BMW expects to stop raising prices on its premium cars in 2023 after years of passing on higher costs to customers, which has led to an average 40 per cent increase since 2020.
The German company said on Wednesday it expected to keep prices stable this year while the number of cars delivered to customers would increase slightly.
“Full order books in Europe and outside [has translated] into good price realisation,” said BMW’s head of sales Pieter Nota. “Of course, that has contributed very much to solid profitability of the company,” he added.
Car prices have risen because of higher commodity costs, semiconductor shortages, a focus on selling top-range vehicles and the introduction of more expensive electric cars, according to Auto Trader, an online vendor.
BMW and its rivals have also raised profit margins by focusing on the sale of more expensive cars, as supply chain constraints have left hundreds of thousands of vehicles still to be fully assembled because of a lack of parts.
The median price of a new BMW in the UK rose from £36,638 in March 2020 to £51,350 this month, representing a 40 per cent jump, said Auto Trader.
Volkswagen car prices jumped 19 per cent and those of Mercedes-Benz by 39 per cent over the same period.
Ian Plummer, a director at Auto Trader, said the average price of a new car had risen by 40 per cent over the past five years across all brands.
BMW said there was a slight decrease in European orders at the start of 2023, adding that rising interest rates were likely to have had an impact since four out of 10 sales were funded with the help of its financial services arm.
The company said last week that it would pay out a bumper €5.5bn to shareholders after a profits boost from an increased stake in its Chinese joint venture as well as higher prices for its expensive premium cars.

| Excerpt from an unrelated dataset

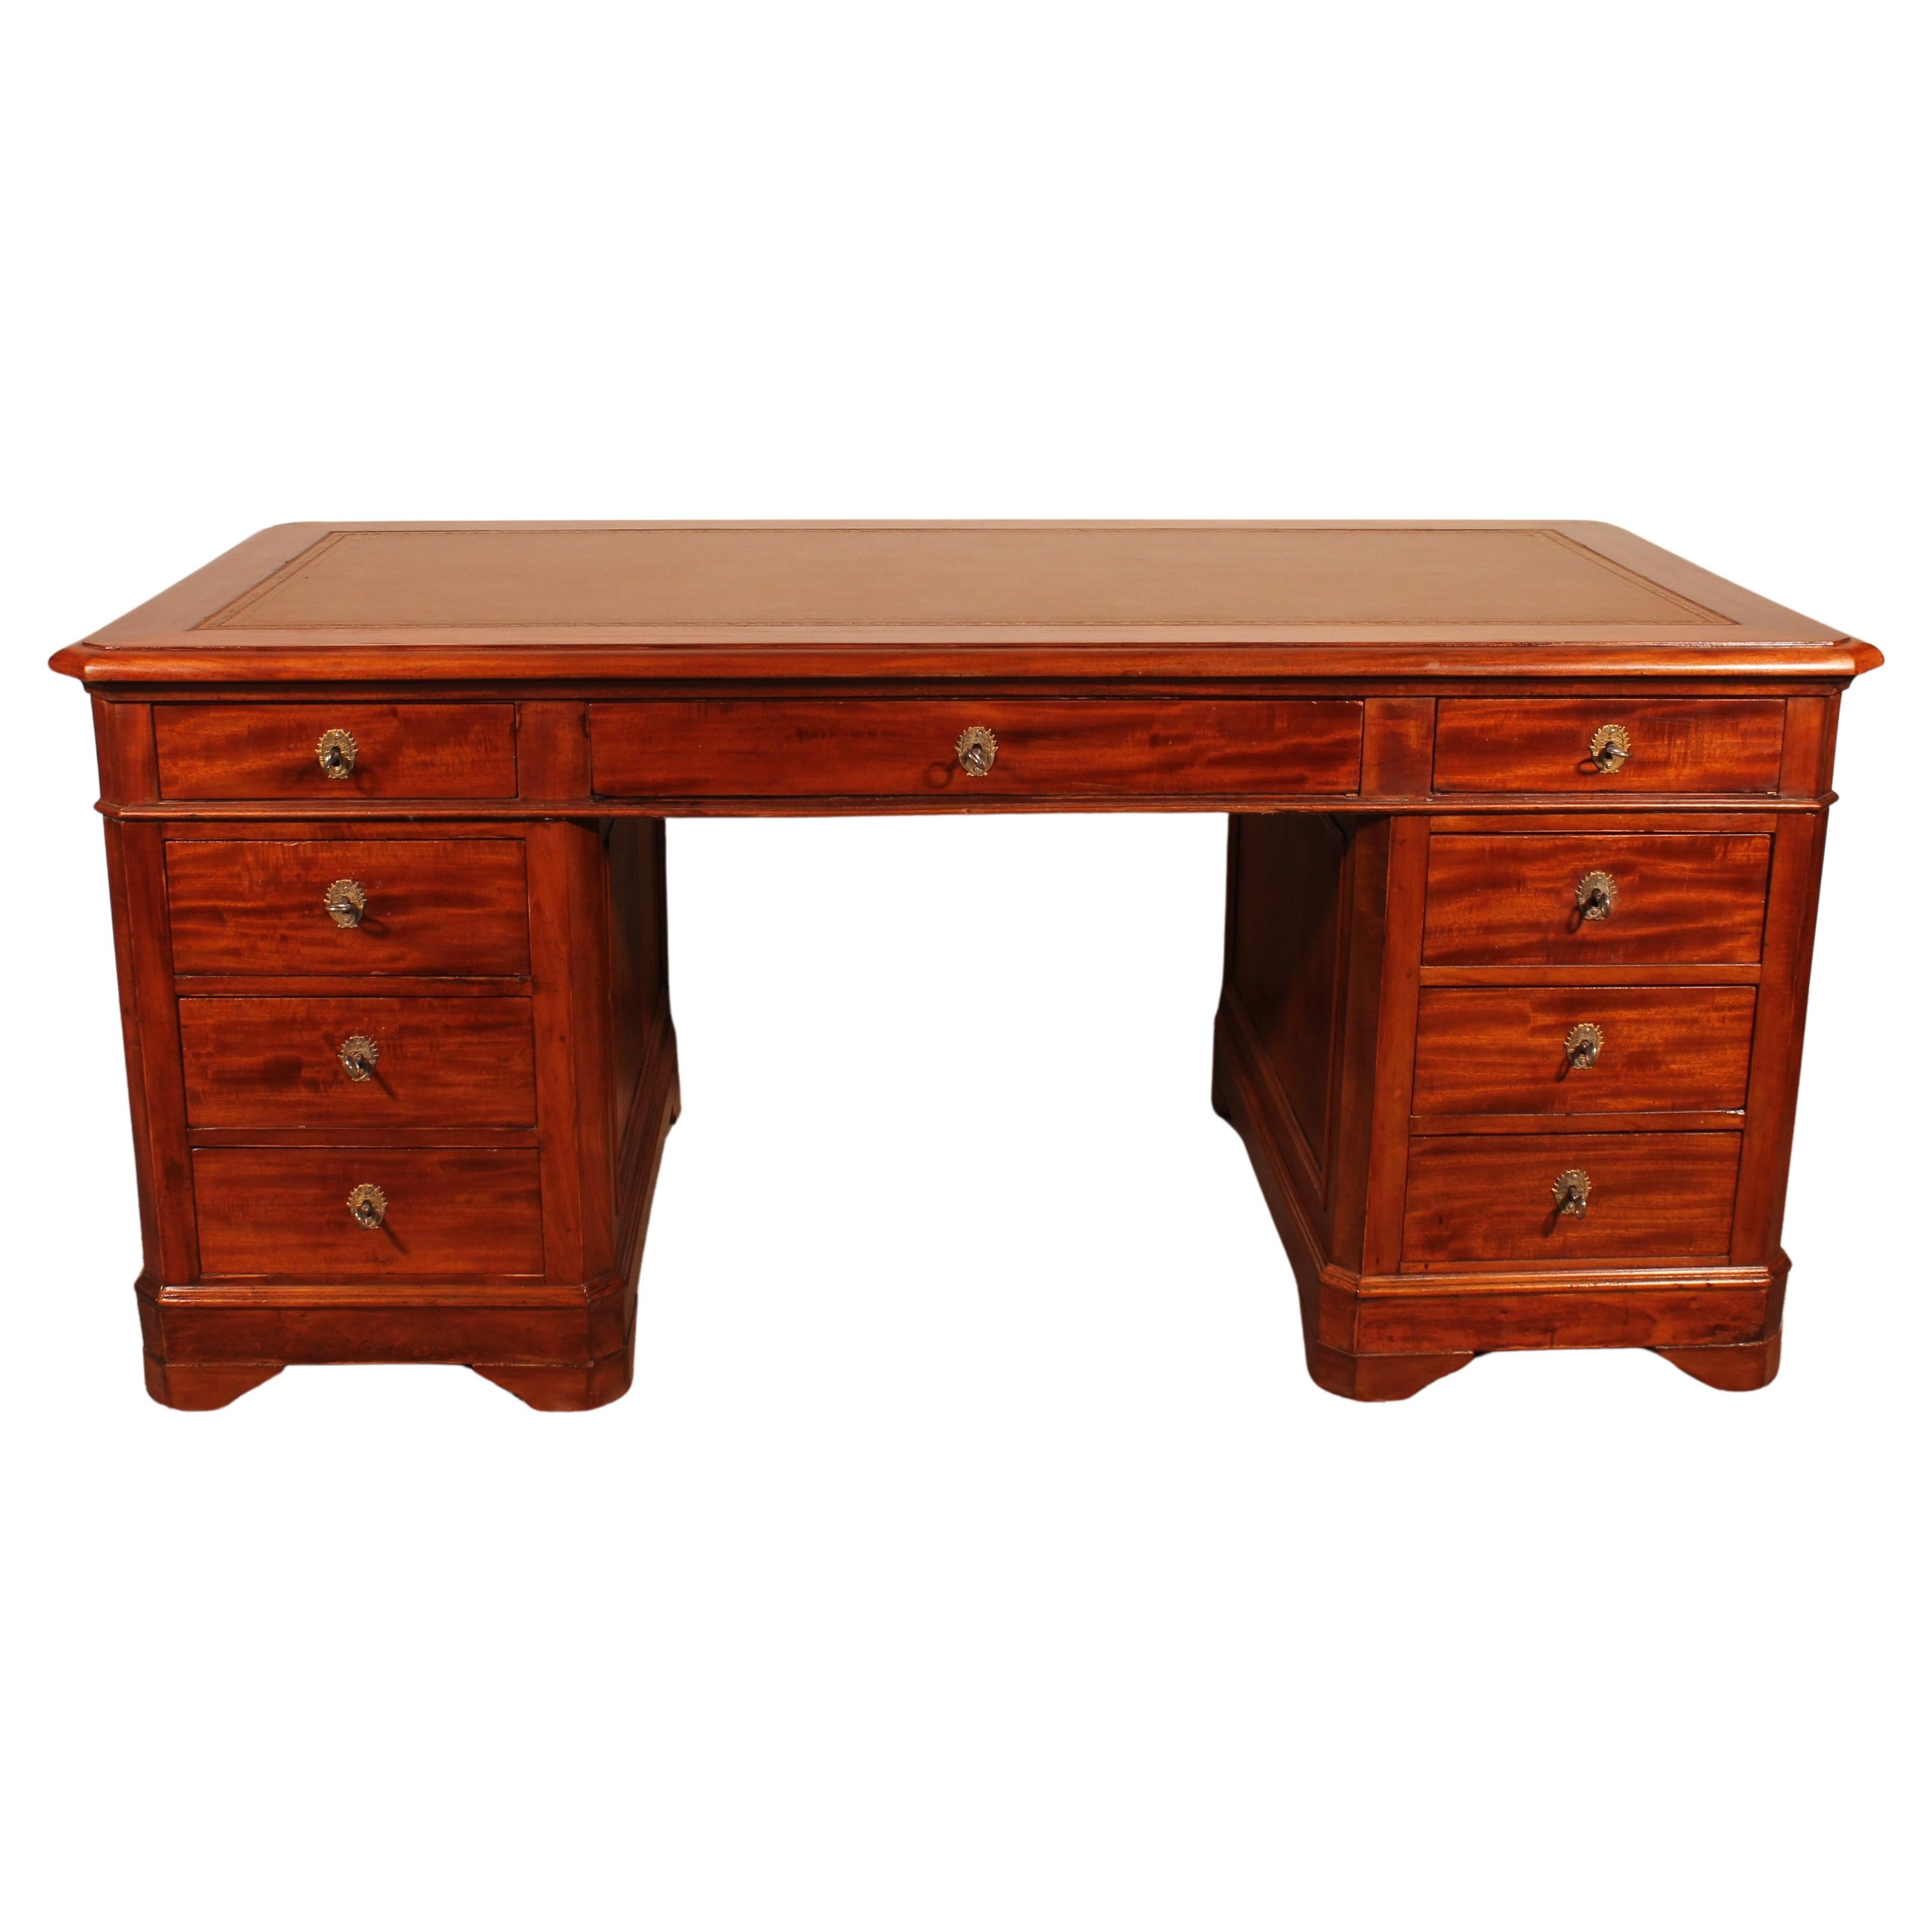 Large Pedestal Desk In Mahogany From The 19th Century For Sale
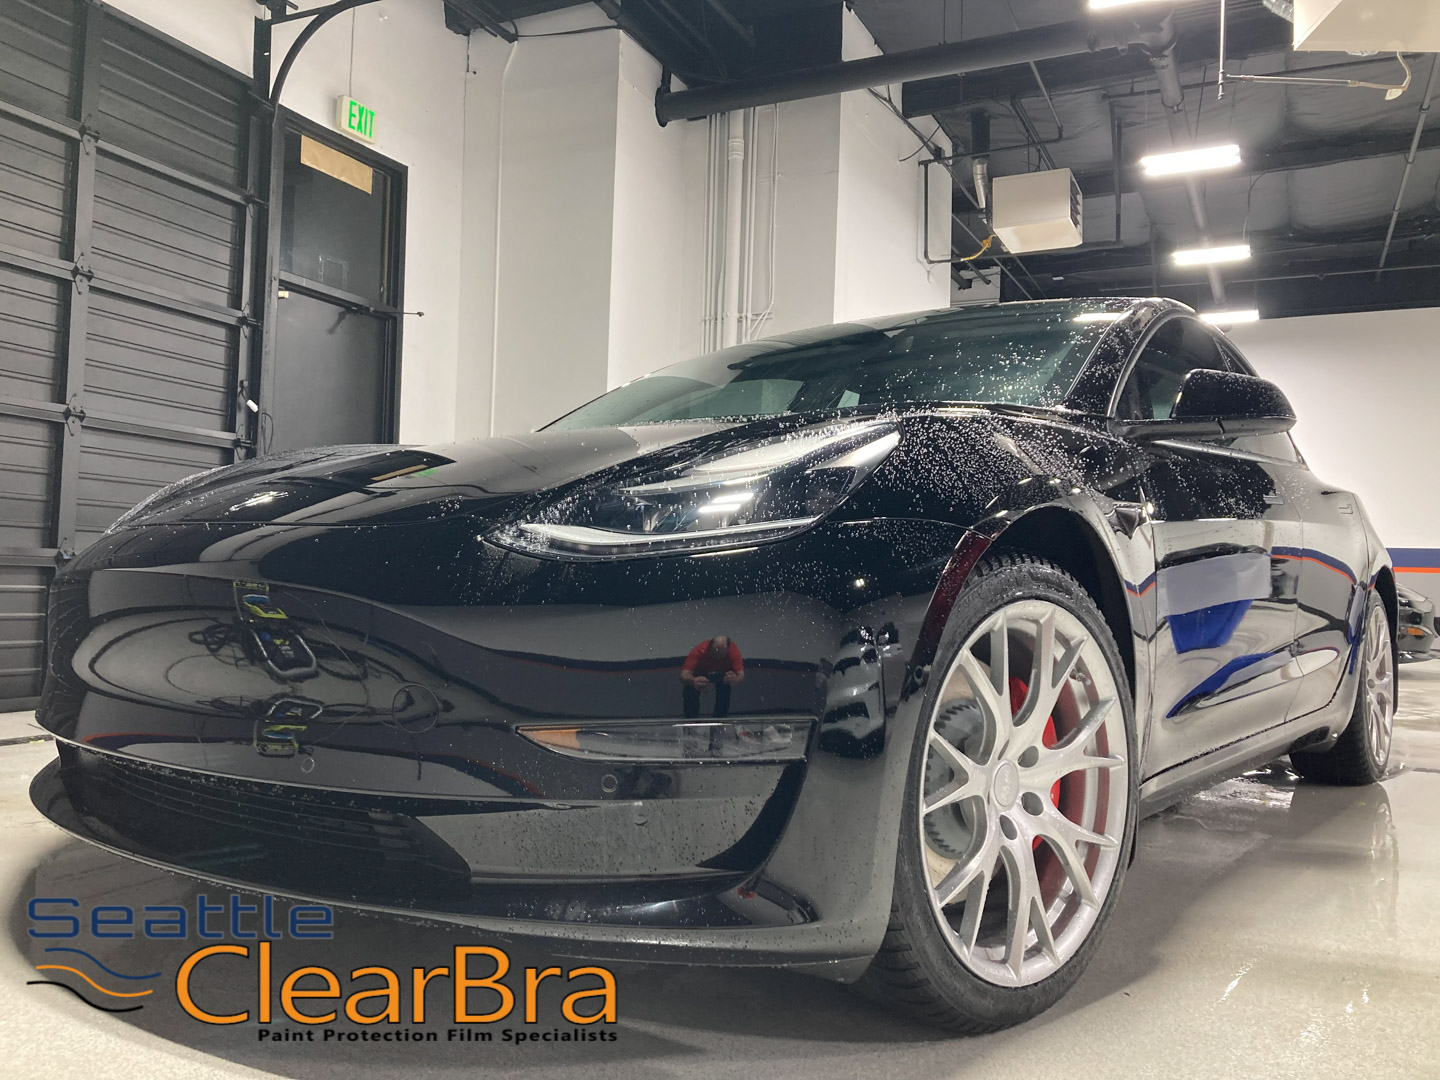 Tesla Xpel Redmond Clear Bra PPF Paint Protection - Seattle ClearBra

The company said it expected an operating margin in the range of 8 to 10 per cent in 2023.
Chief executive Oliver Zipse said he agreed with other car executives, such as Volkswagen and Porsche boss Oliver Blume, that the EU should allow e-fuels to help decarbonisation.
Germany and Italy are among the countries with large car industries that at the last minute blocked a planned EU vote on the ban of combustion engines, demanding that the bloc make concessions for e-fuels.
BMW has long been an advocate for hydrogen-powered vehicles as an alternative alongside battery-driven cars as the EU prepares to ban combustion engines by 2035.
The company, which this year launched a pilot series of a BMW iX5 fuelled by hydrogen, said it was considering building a plant to produce cars that run on the gas by the end of the decade “depending on market requirements and conditions”.
The group added “that not all markets worldwide will have the necessary framework conditions for all customers to switch to pure electromobility in the next decade”.